How To Make A Profit When the Bubble Bursts

Methods of Prosperity newsletter no. 83. Sam Zell (continued).

“Make no little plans. They have no magic to stir mens’ blood.”

– Daniel Hudson Burnham (1846-1912). One of America’s most influential architects and urban planners.

Methods of Prosperity newsletter is intended to share ideas and build relationships. To become a billionaire, one must first be conditioned to think like a billionaire. To that agenda, this newsletter studies remarkable people in history who demonstrated what to do (and what not to do). Your feedback is welcome.

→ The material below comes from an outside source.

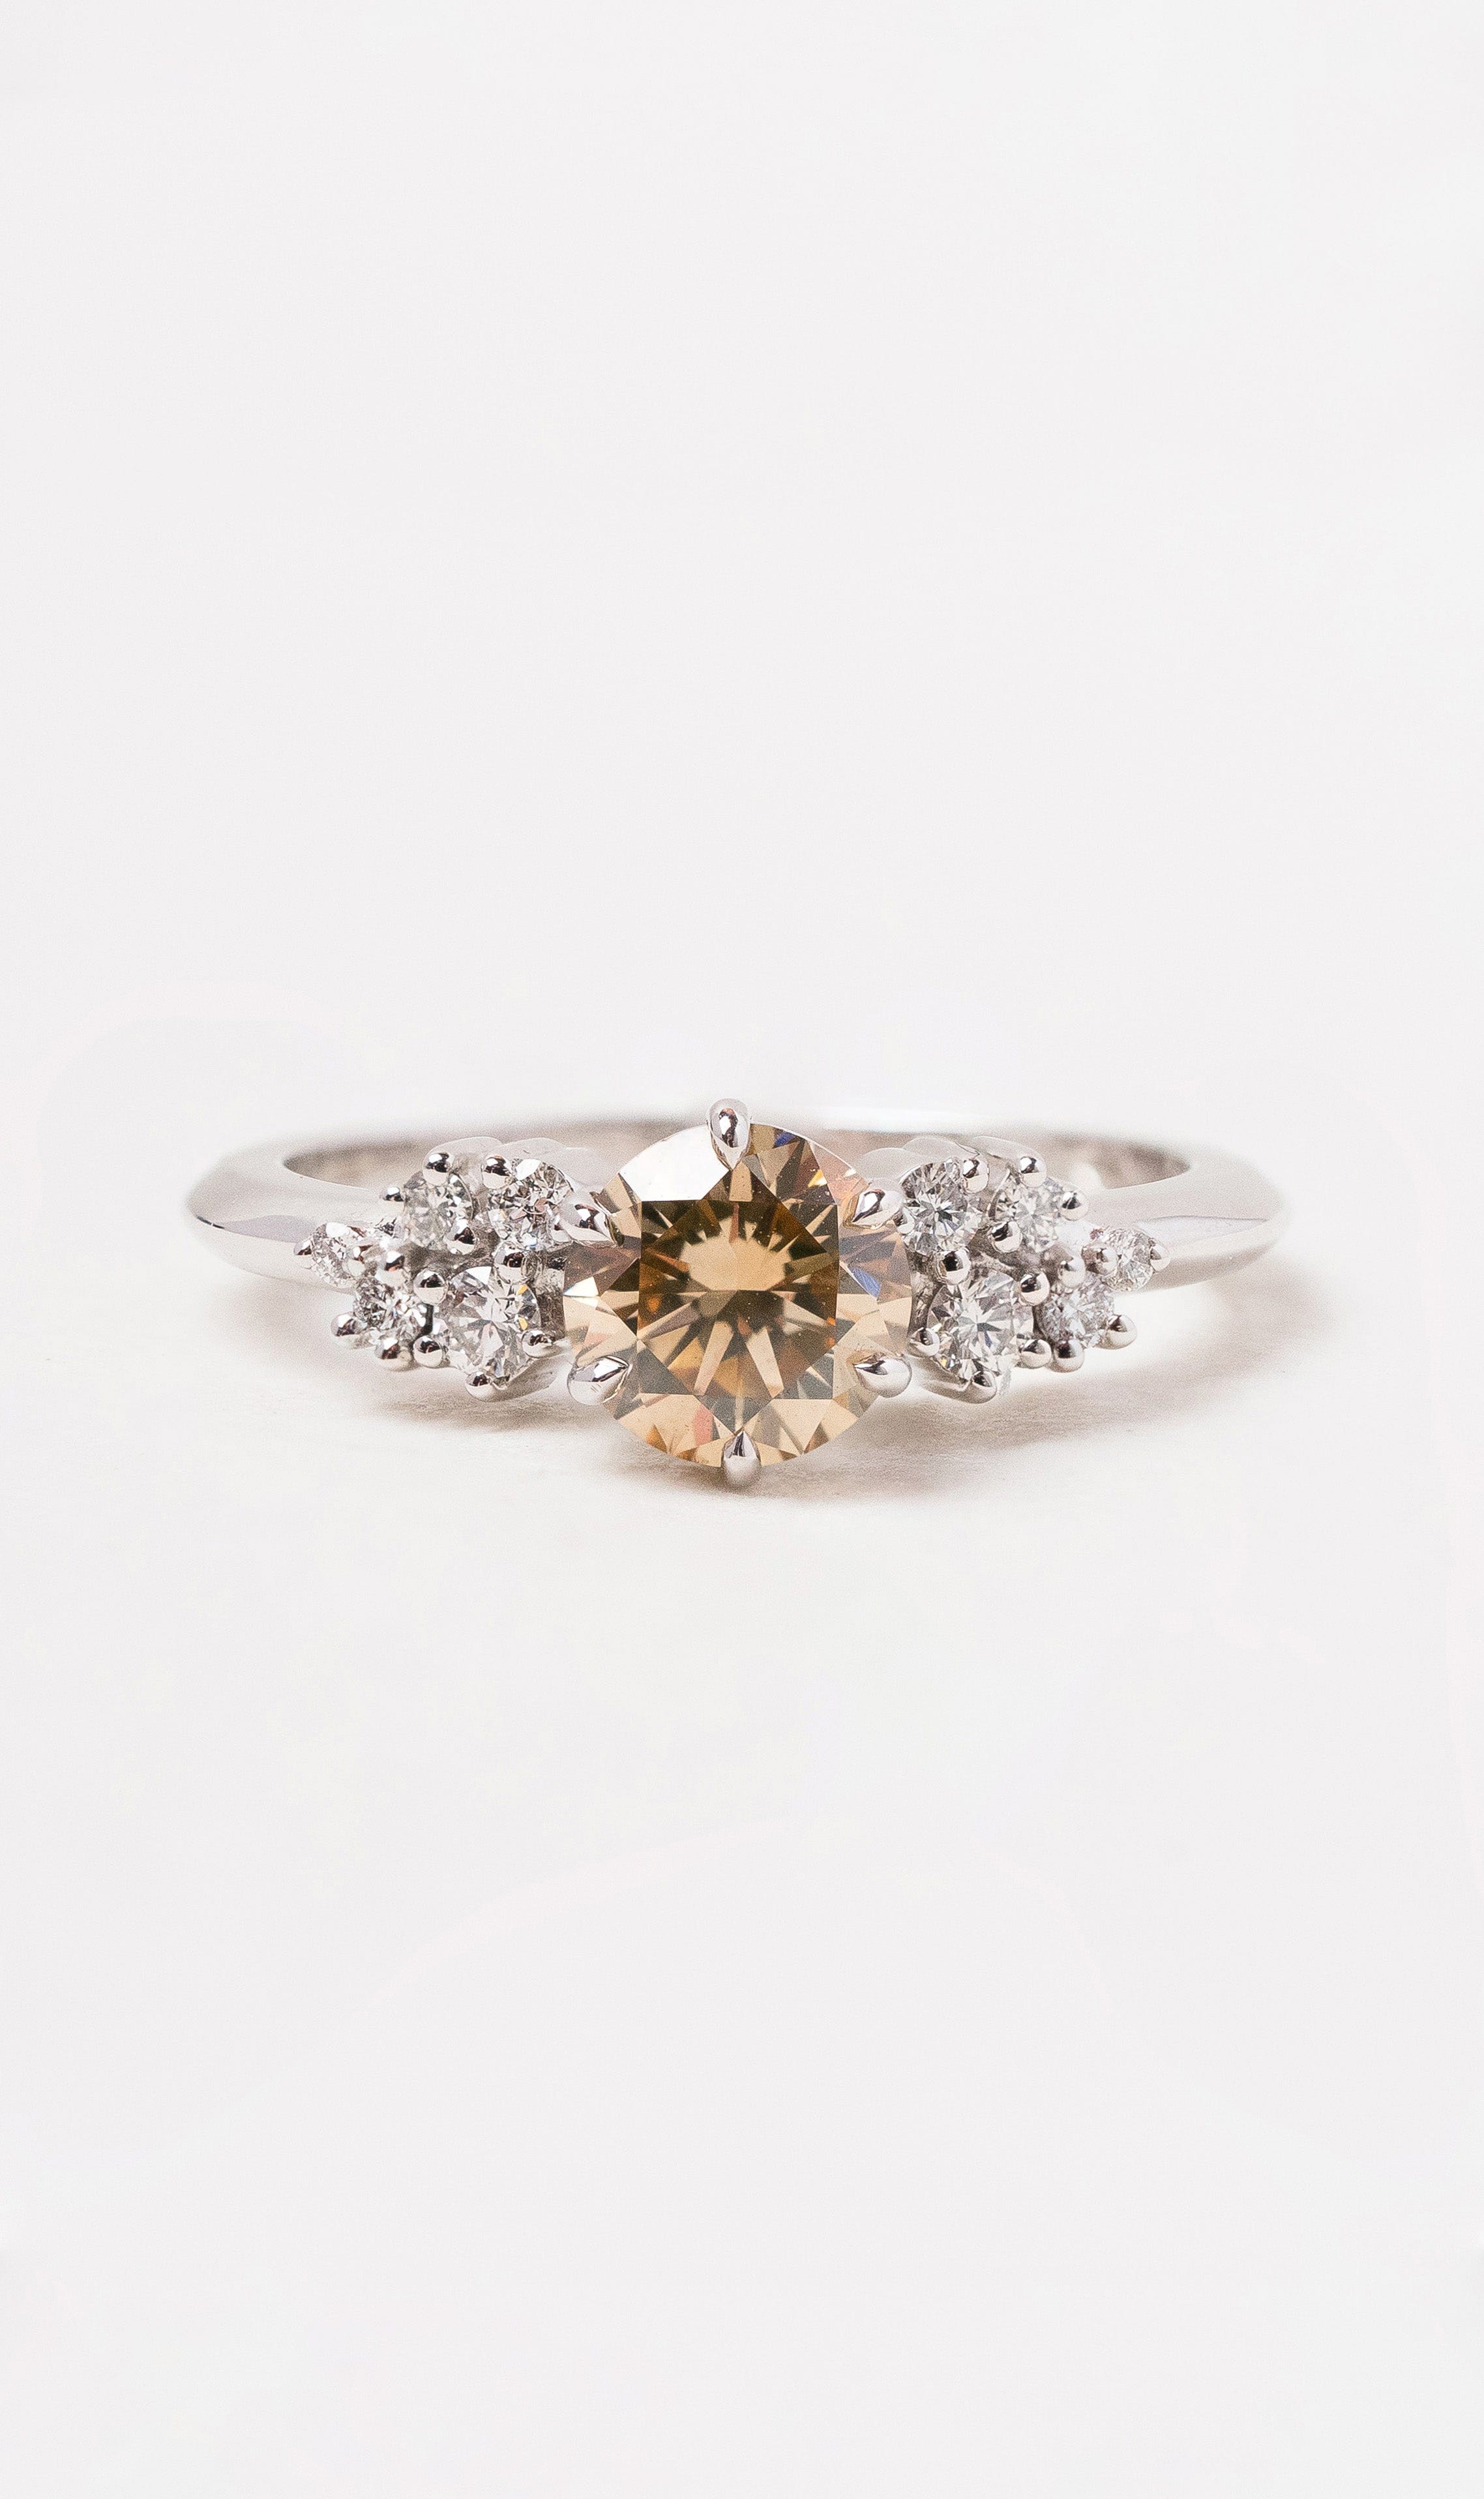 Hogans Family Jewellers 18K WG Champagne Diamond Ring

For more information about the author, please visit seanallenfenn.com/faq.

Sam Zell and Bob Lurie established a meritocratic partnership in the late 1960s. They transitioned from property management to a major business empire across various industries. After Bob battled colon cancer for two and a half years, he died in 1990. Sam honored their legacy. He dedicated philanthropic efforts in both their names. This included endowments at Wharton and Michigan. The Samuel Zell and Robert Lurie Real Estate Center and Samuel Zell & Robert H. Lurie Institute for Entrepreneurial Studies, respectively.

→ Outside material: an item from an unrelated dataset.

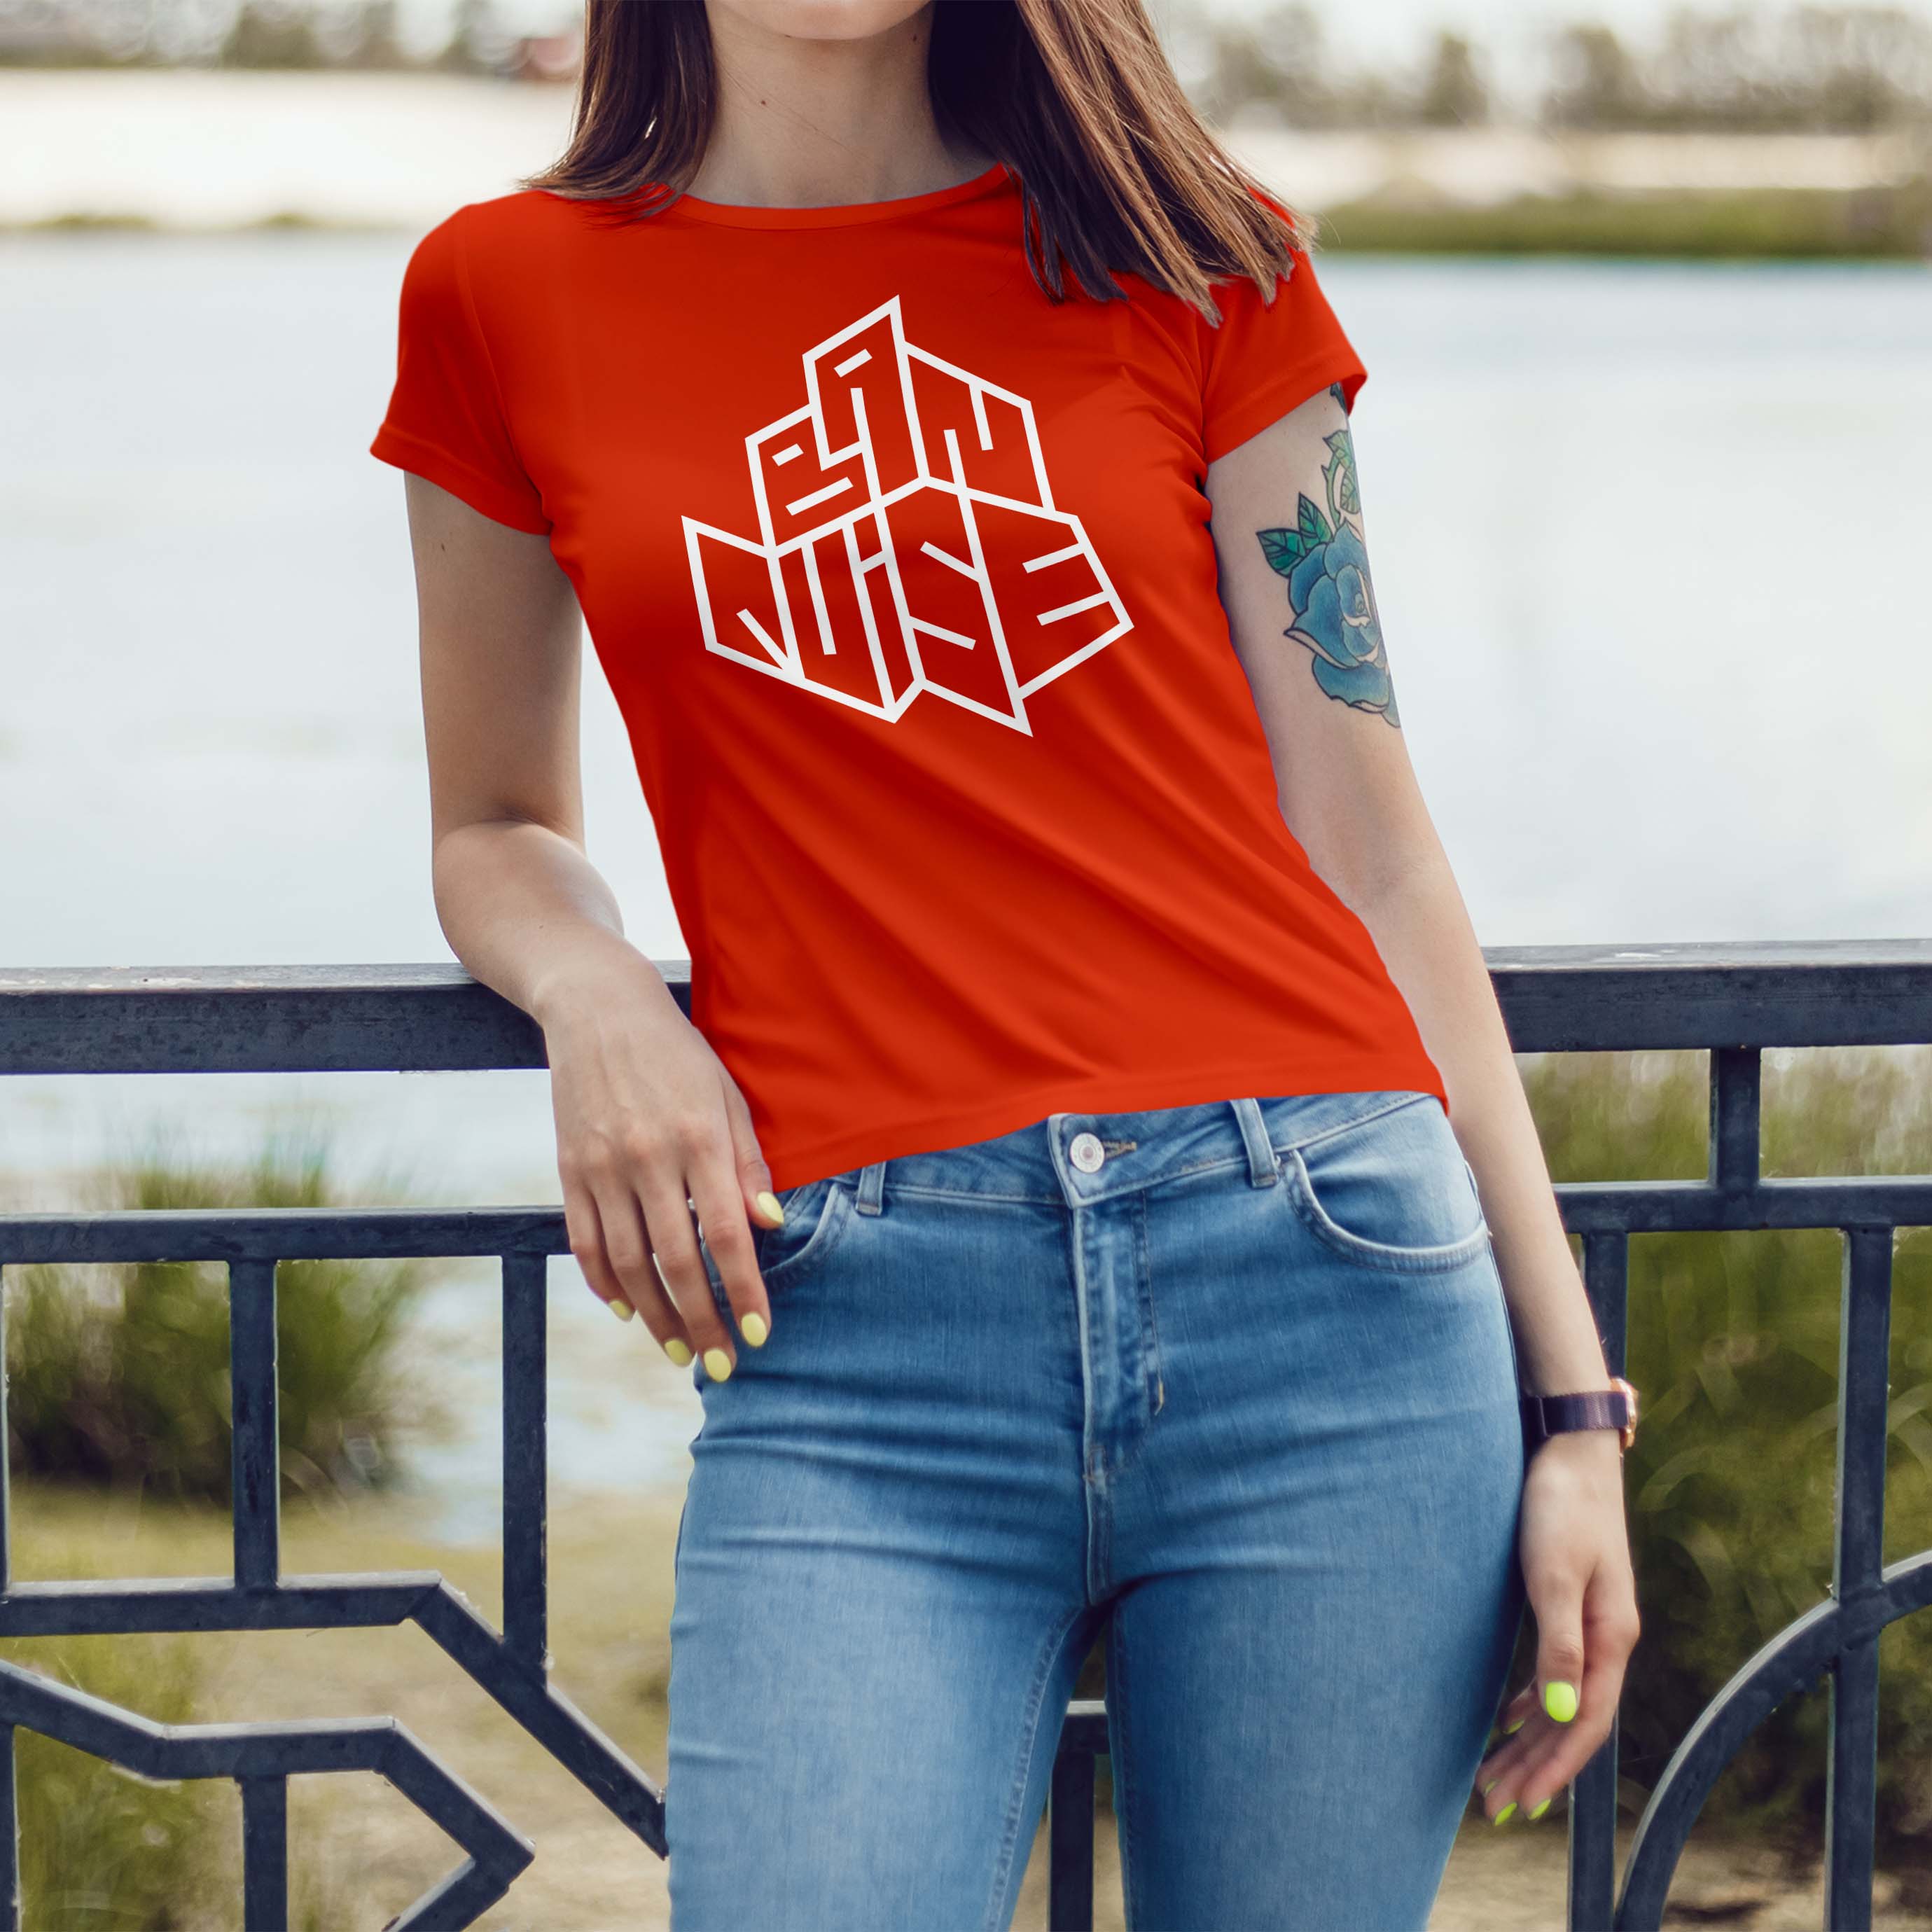 La Banquise redesign mockup on a t-shirt

The Tax Reform Act of 1986 decreased tax incentives for real estate. Subsequent market crashes prompted Sam to advocate for restructuring through modern REITs. He partnered with Merrill Lynch to fund distressed real estate acquisitions. Their efforts expanded the REIT industry from $7 billion in the early 1990s to over $1 trillion by 2016.

Real estate went through it. Later in the 1990s, the dot-com bubble was about to pop.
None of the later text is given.